YOUR ASSIGNMENT: An exact copy of the line containing "Abmessungen: 26 x 26 x 34 cm" and of every line after it, through the last line of the material, is what should be returned.
====================
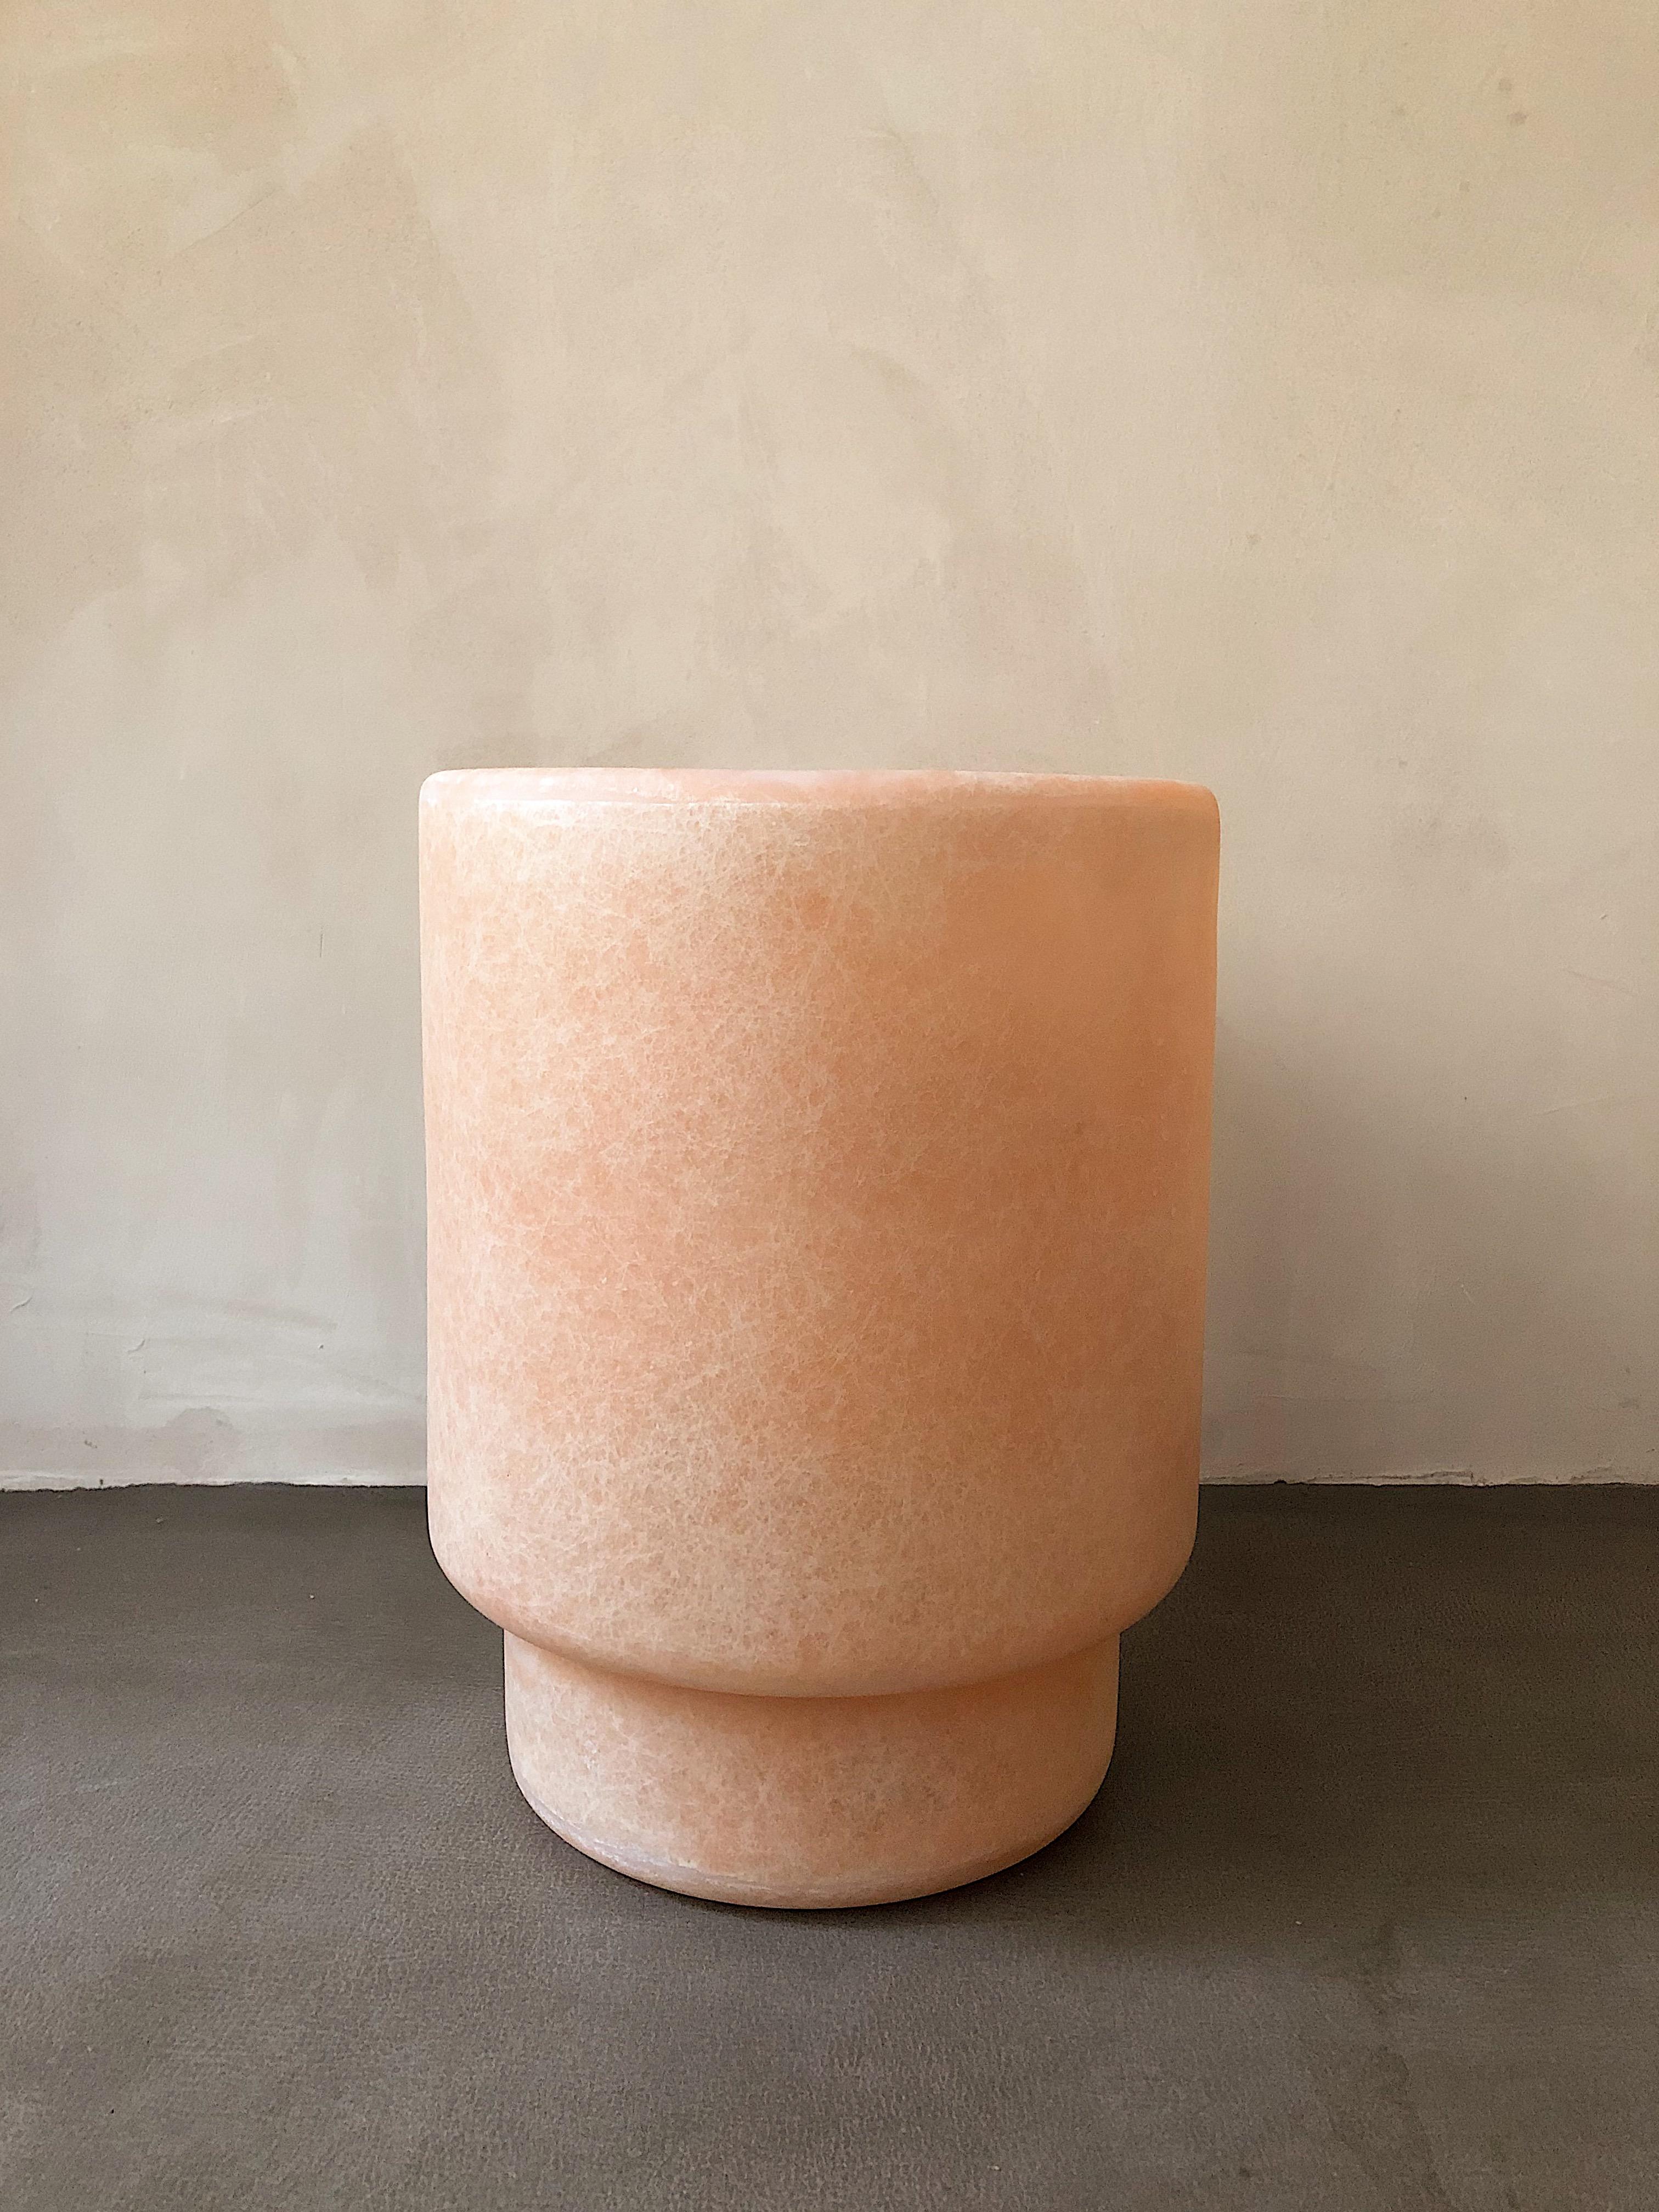 Tong rosa vase von kar
MATERIALIEN: FRP
Abmessungen: 26 x 26 x 34 cm

*Dieses Stück ist für den Außenbereich geeignet.

Eine glatte Form, die sich in jeden Raum integrieren lässt. Vielseitig verwendbar: als Blumenvase, als Behälter für Entwürfe,
====================
RESPONSE FOR THIS EXERCISE:
Abmessungen: 26 x 26 x 34 cm

*Dieses Stück ist für den Außenbereich geeignet.

Eine glatte Form, die sich in jeden Raum integrieren lässt. Vielseitig verwendbar: als Blumenvase, als Behälter für Entwürfe,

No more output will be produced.